= Vishwanath Mathur =

Indian independence activist

Vishwanath Mathur was an Indian independence activist. Also known as Biswanath, was arrested in 1930 for his anti-government activities. He was also jailed in Port Blair's Cellular Jail for his role in the Patna/Gaya Conspiracy Case as part of independence movement.

== 1934 Gaya Conspiracy Case - Independence movement ==
In year 1934, he along with other freedom fighters Dr Kesho Parsad, Shayama Charan Bharatwar, Mohit Chandra Adhikari, Suraj Nath Chaubey, Ram Pratap Singh, Kanai Lal Michir, Mahavir Michir, Shayam Krishna Agrawal, and Shamdev Narayan went to Cellular jail. He spent 4 years in cellular jail.

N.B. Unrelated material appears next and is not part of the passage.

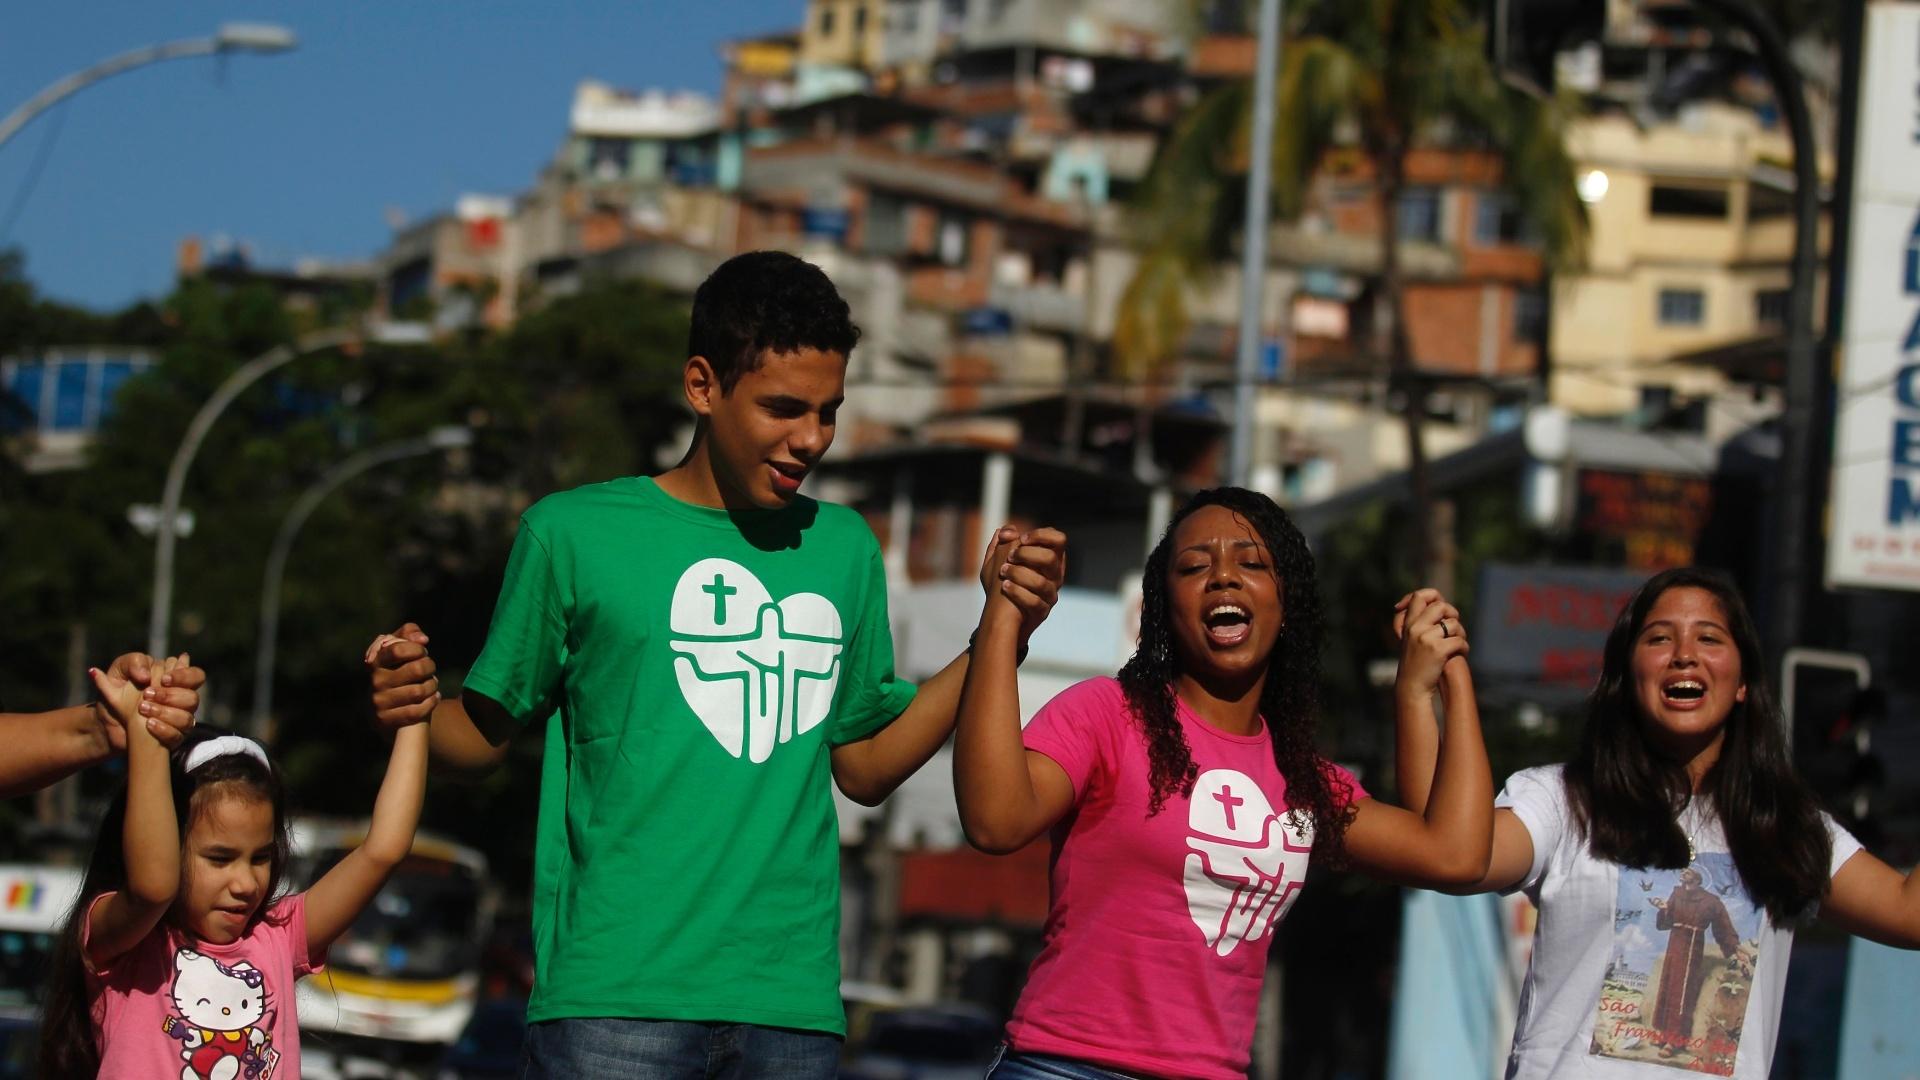 http://imguol.com/c/noticias/2013/07/15/jovens-caminham-pelas-ruas-da-favela-do-vidigal-no-rio-antes-da-chegada-dos-simbolos-da-jornada-mundial-da-juventude-nesta-segunda-feira-1373914086202_1920x1080.jpg

A founding member of the ex-Andaman Political Prisoners' Fraternity Circle, he also served as the President of the All India Freedom Fighters' Association.

== Post-independence activity ==
Initially, he was the member of Indian National Congress, later he joined Communist Party of India. In 2003, he criticized the Indian Parliament's decision to hang portrait of Vinayak Damodar Savarkar in the Parliament. He added Savarkar was a "coward being portrayed as a revolutionary".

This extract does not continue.